Personal information
- Full name: James Alexander Thomas
- Date of birth: May 22, 1992 (age 34)
- Place of birth: Silver Spring, Maryland, United States
- Height: 1.70 m (5 ft 7 in)
- Position: Defender

Team information
- Current team: Baltimore Blast
- Number: 17

Youth career
- 2000–2006: MSC United
- 2006–2010: Pachuca Internationals

College career
- Years: Team / Apps / (Gls)
- 2010–2013: St. John's Red Storm

Senior career*
- Years: Team / Apps / (Gls)
- 2015: New York Red Bulls II / 23 / (0)
- 2016–2017: Harrisburg City Islanders / 50 / (1)
- 2016–: Baltimore Blast (indoor) / 138 / (50)
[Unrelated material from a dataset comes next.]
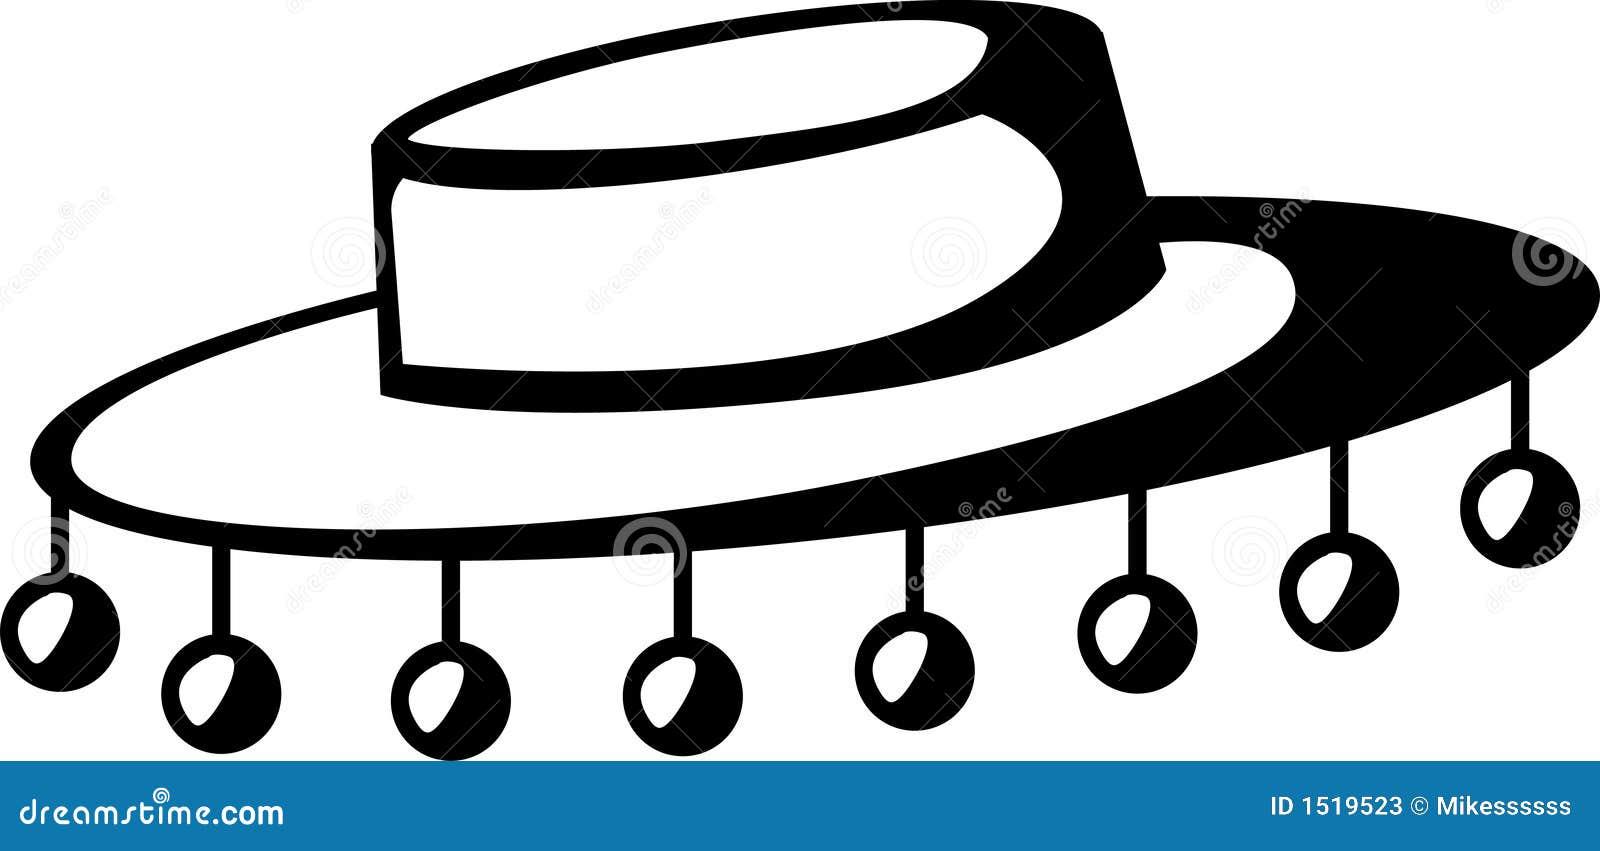 Sombrero Clip Art Black And White Ilustraci amp243n De Un Sombrero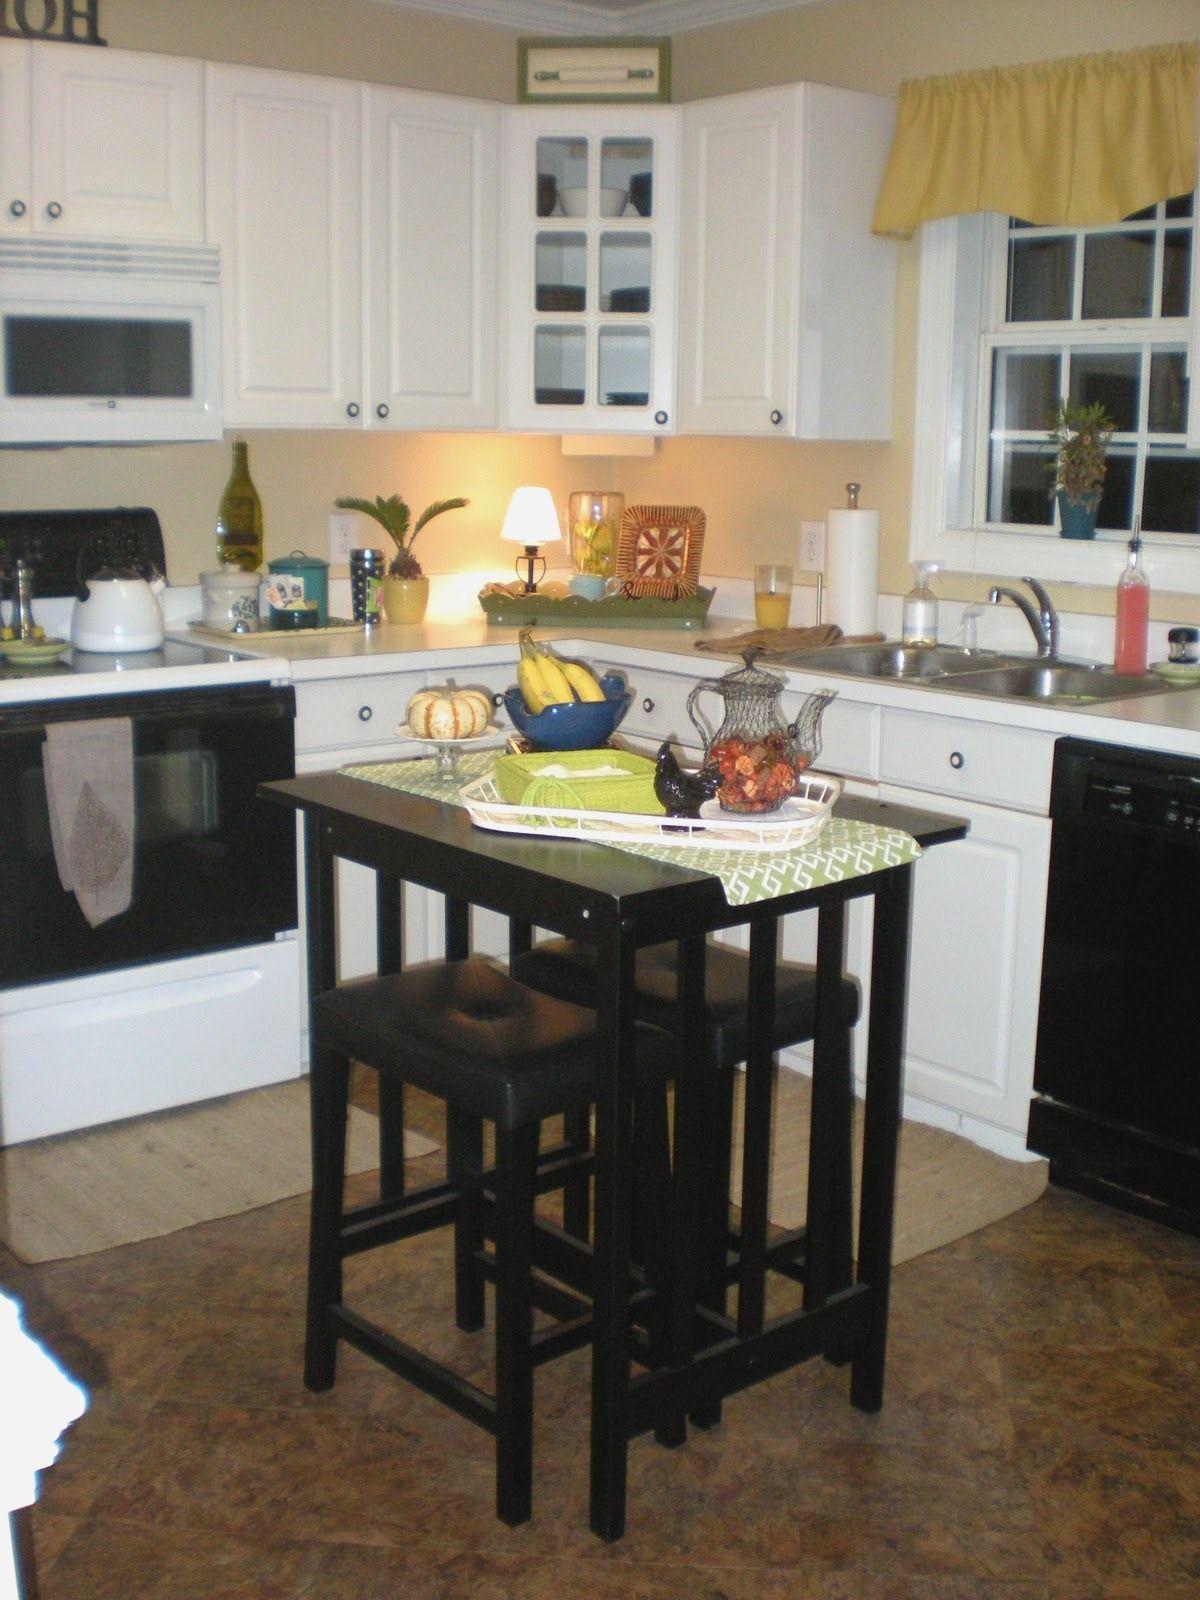 Groß Küchentisch Kücheninsel Ideen Küchen Design Küche

= Jamie Thomas (soccer, born 1992) =

American professional soccer player

Jamie Thomas (born May 22, 1992) is an American professional soccer player who plays for the Baltimore Blast of the Major Arena Soccer League.

==Career==

===Youth and college===
Thomas began playing club soccer at the age of 8 for the MSC United (Montgomery Soccer Club) in Rockville, Maryland, under Coach Julio Arjona Sr. from 2000 to 2006. While playing on the MSC United 92 team, Thomas helped the team win the 2002 U-10 National Futsal Championship in Las Vegas, Nevada and the 2003 U-12 National Futsal Championship in Long Beach, California, as well as winning the following tournaments: NCSL Division 1 four times; CASL Shootout, Raleigh, NC; Bethesda, MD; Potomac, MD; Del Sol, Arizona; DELCO, PA; Kirkwood, DE; and YMS, PA. Thomas was also named to the Maryland ODP Region I roster.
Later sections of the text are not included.